I know not one person who died from smoking a cigarette, at any age: I am aware of more than 4000 (mainly teens) who died unexpectedly in a matter of hours after downing fast a bottle of vodka, or a quart pitcher of beer poured down the throat via a tubular funnel.

So, no, I can’t dance with joy at a .08% BAC reform that won’t even take hold for 4 years, and not be enforced for 6 years when States who don’t comply begin to lose their Federal highway funds. It’s a small but necessary move which may cause the thinking driver to be more careful. Some studies have shown that even the addicted drinking drivers have been more careful under the .08% law. Studies also show that in States which have had .08% for 2-3 years, alcohol sales did not. go down. Folks just drank differently..at home, or with a designated driver.

A last ditch effort by the National Restaurant Asso. to kill the .08% mandate launched a news advisory to their members in late September, stating that “a .08BAC mandate violates States’ rights and will not solve the problem of drunk driving”.

Driving in every State is not a right; it is a guarded privilege. Drivers move around this Nation all the time. The DWI laws must be uniform, understood and enforced. We have a much better chance to deter drunk driving & illegal alcohol sales as national crimes, than we do to deter illicit drug sales, although almost all the billions of tax dollars are allocated to the latter with no good results.

But back to the National Restaurant Asso. claims. They are right that the .08% reform won’t solve the DWI problem. It isn’t designed to do that. No single measure could. In fact, if plea bargaining out-of-alcohol is permitted, NO LAWS will make a difference since everyone arrested could hire a lawyer, take a plea to bald tire or parking on the pavement, pay a $50 fine and their lawyer thousands of dollars, and drive home with a valid license.

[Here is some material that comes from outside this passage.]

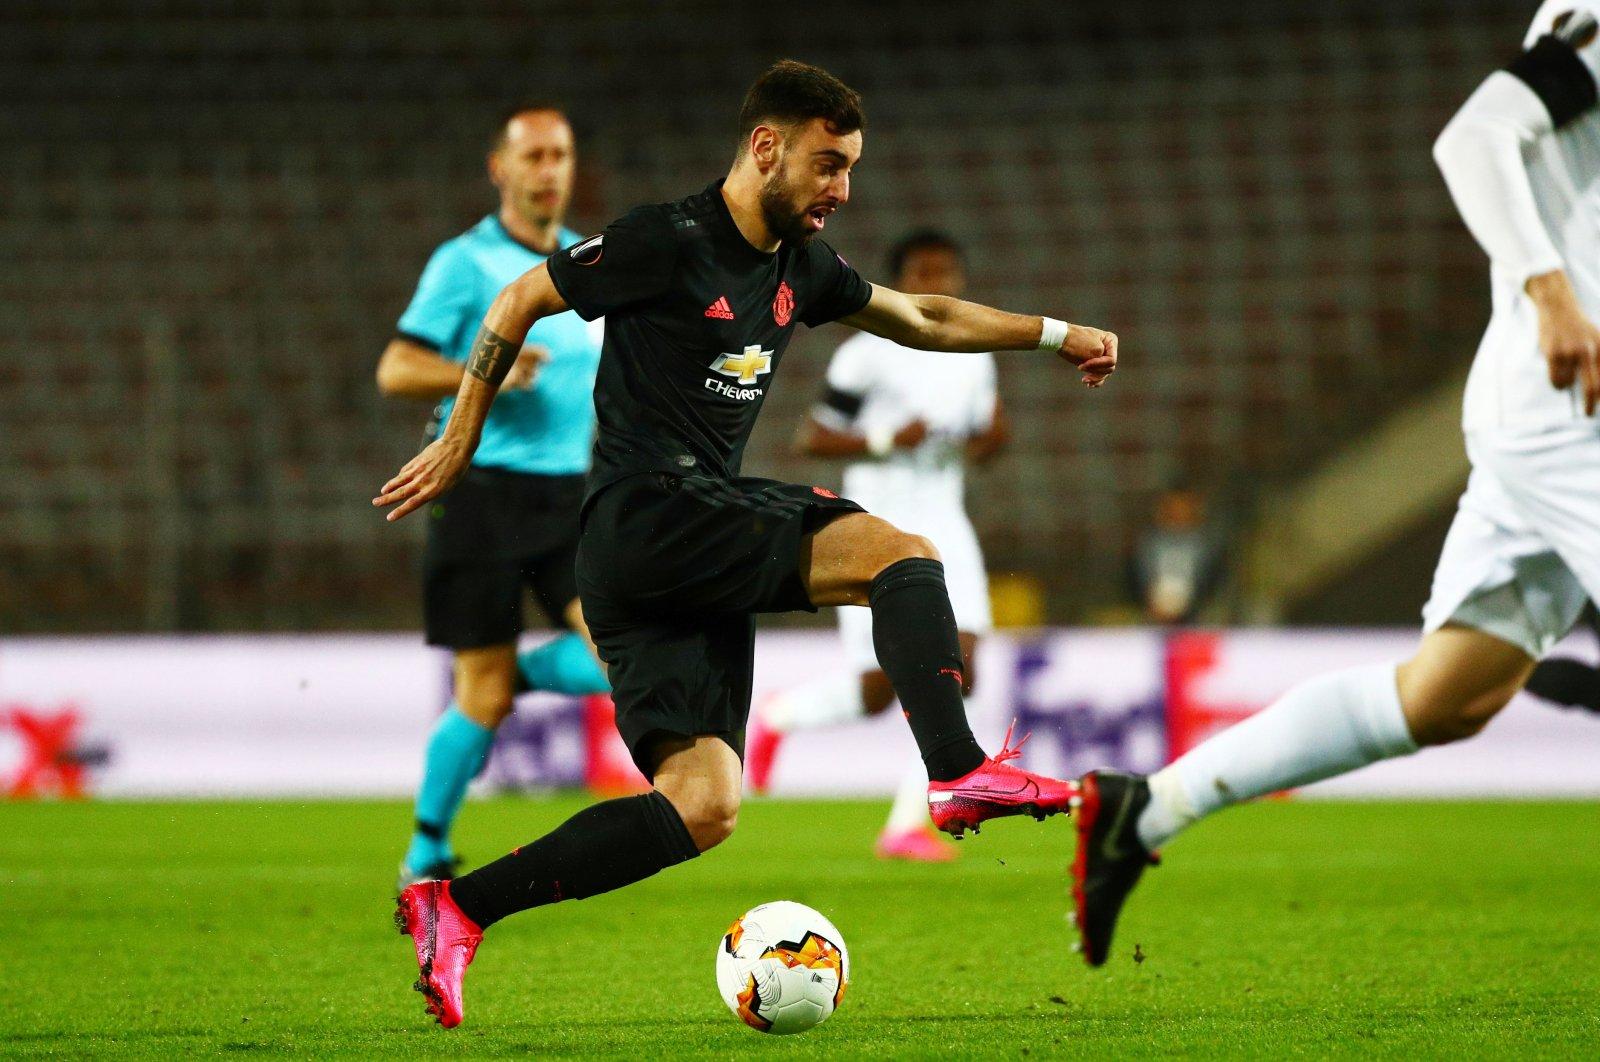 Manchester United's Bruno Fernandes in action against LASK Linz, Linz, Austria, March 12, 2020. (Reuters Photo)
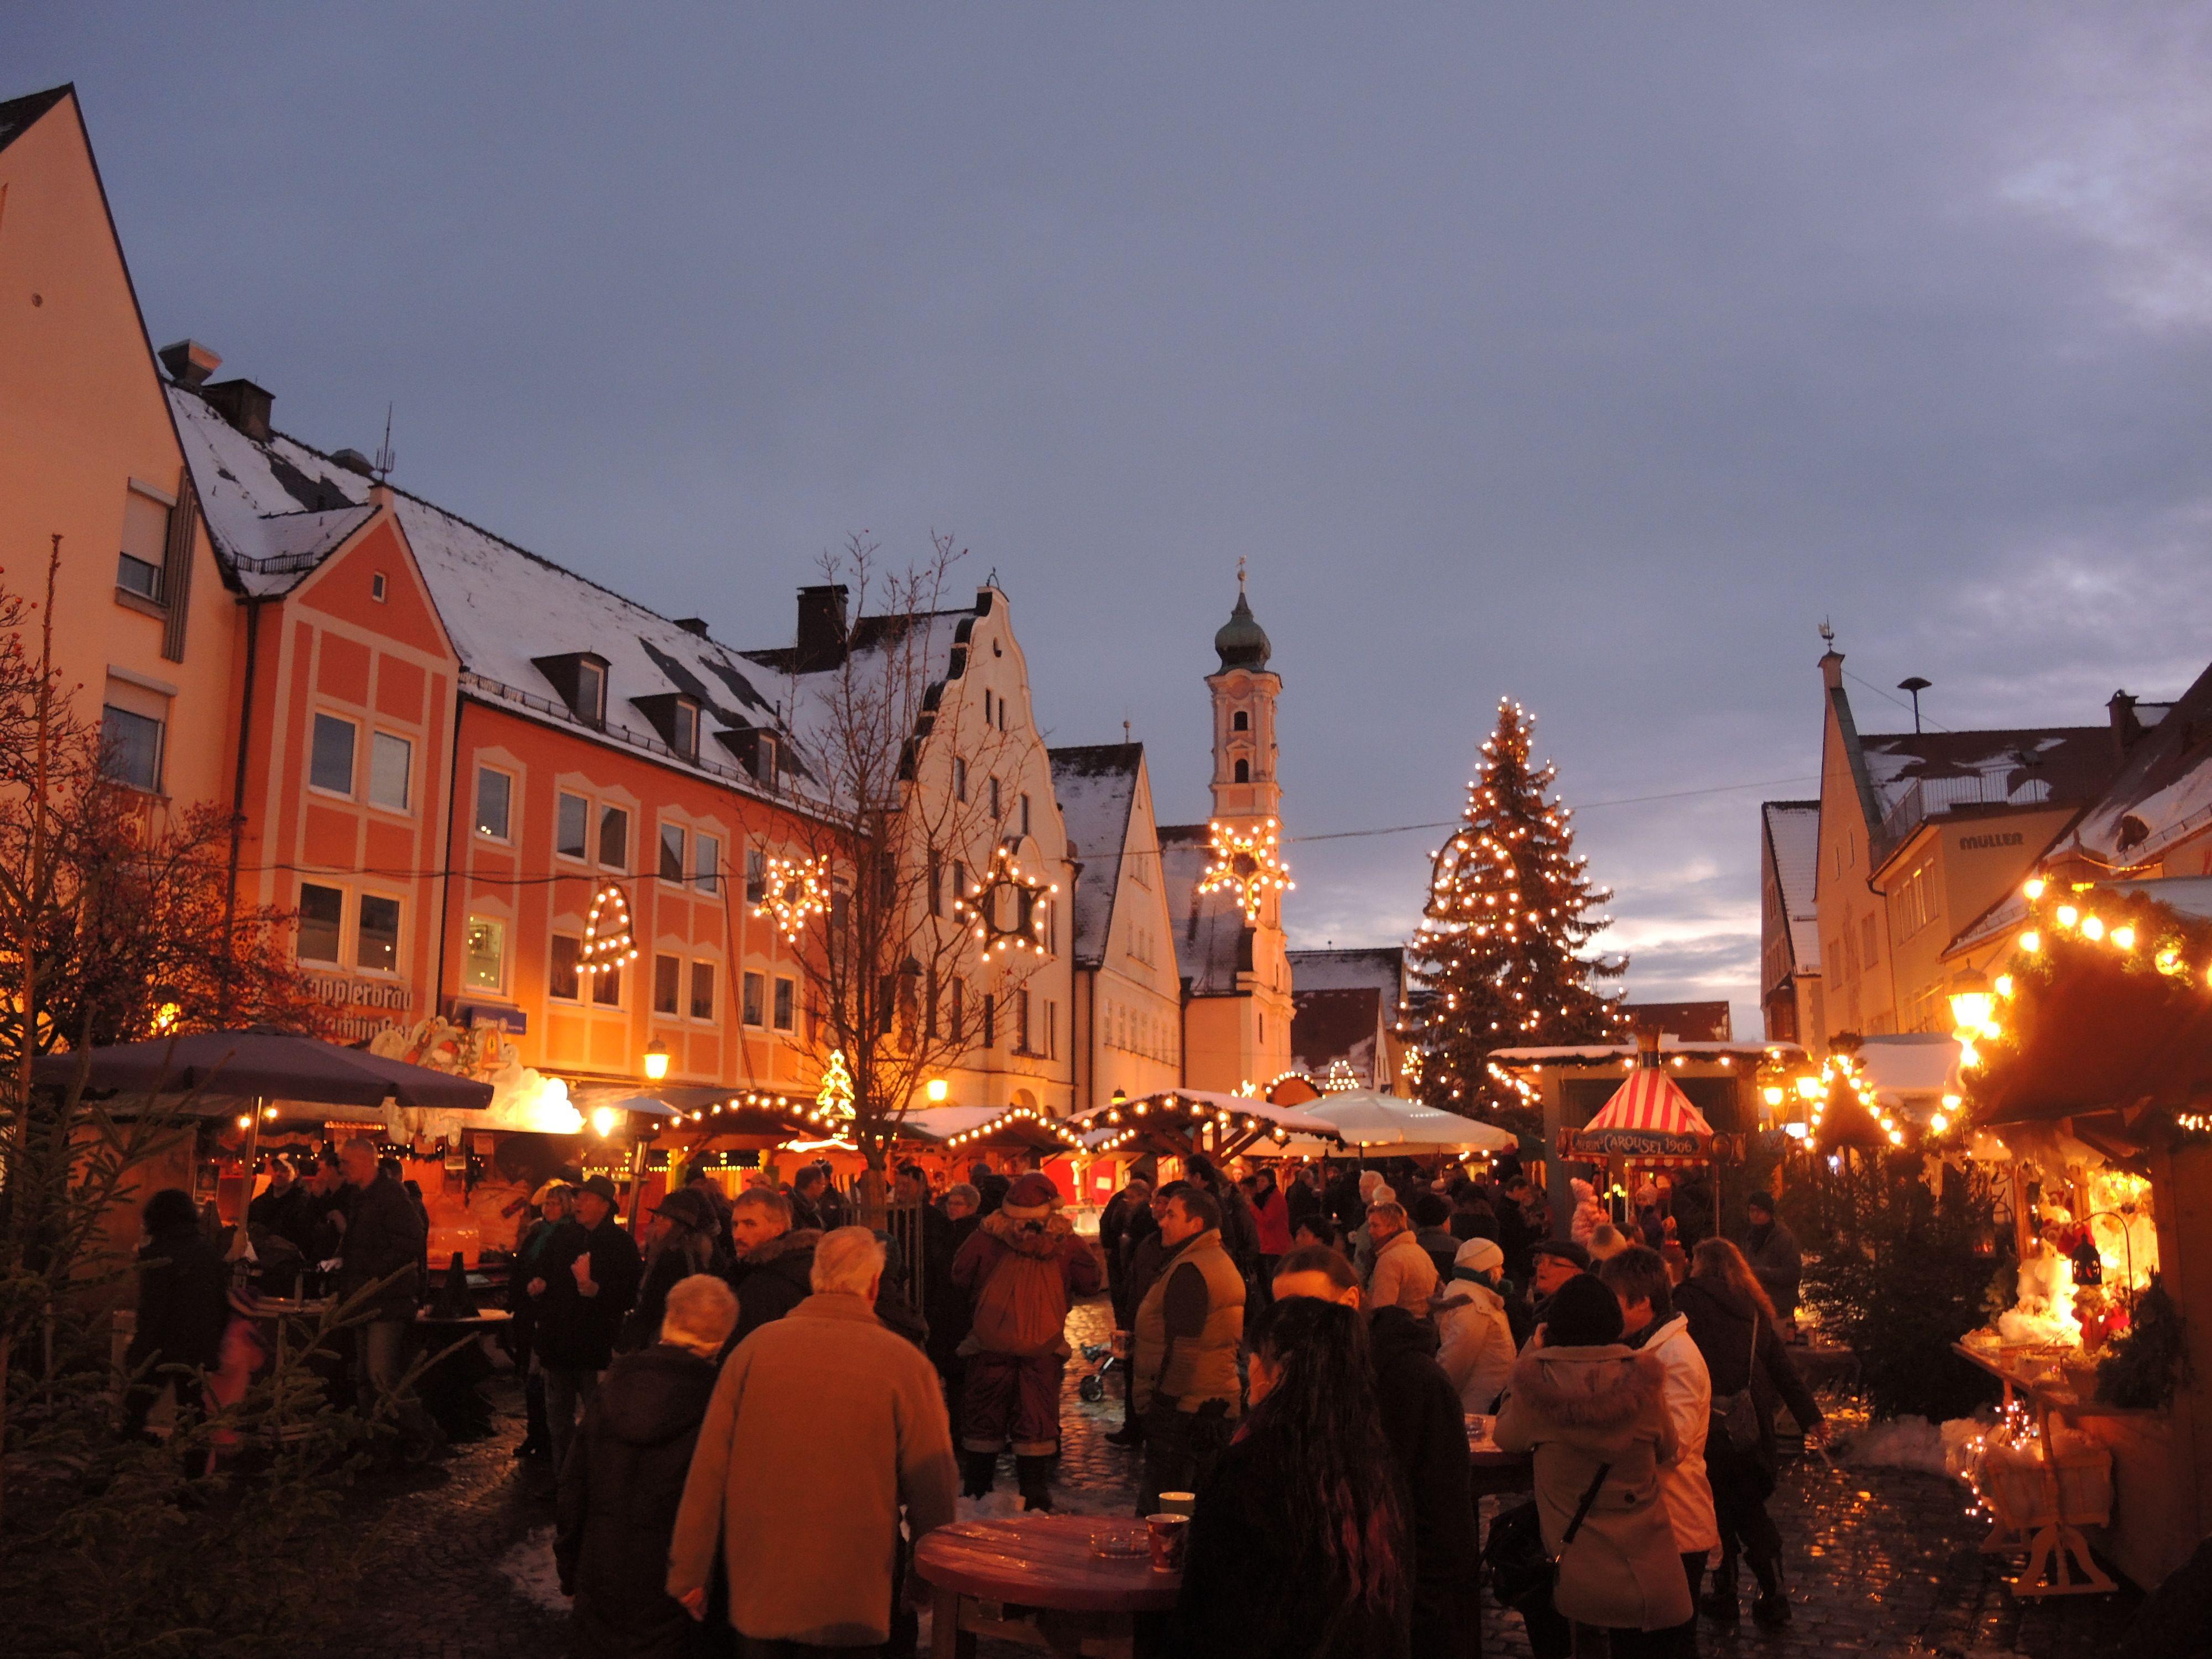 Weihnachtsmarkt Aichach.Weihnachtsmarkt Aichach In Bayern Christmas Market Bavaria Germany

When RID-NYS (Remove Intoxicated Drivers) enabled passage of a “no plea out of alcohol” law in 1980, DWI lawyers’ fees plummeted. On Long Island the fees dropped from $1000 to $250 for a first time offender. The DWI deaths dropped swiftly too, saving more than 6000 motorists’ lives from 1981-1991. New York and Utah are STILL the safest States in which to drive. The alcohol-related deaths are under 25% of all highway fatalities, the lowest in the Nation for six consecutive years.

BACK TO THE DRAWING BOARD, LEGISLATORS! We need a workable SNAP (sane national alcohol policy) from lawmakers, not an insane ineffective illicit drugs’ war policy. We need PSAs countering those cute alcohol promotions on the air waves, we need warnings on alcohol products that have a lethal dose when binged, (name that poison), we need limitations on where and when the drug alcohol can be promoted, and we need the Fairness Doctrine re- introduced in the national FCC (Federal Communications Commission) guidelines, after being vetoed by Reagan, veto-threatened by Bush and ignored by Clinton and the Congress. And we need a .05% DWI entry level with a .03% impaired standard, .02% for a repeat offender.

As for me, I’ve inched my deck chair on the Titanic a bit above the sink line with a .08% national standard. I’m grateful for small favors.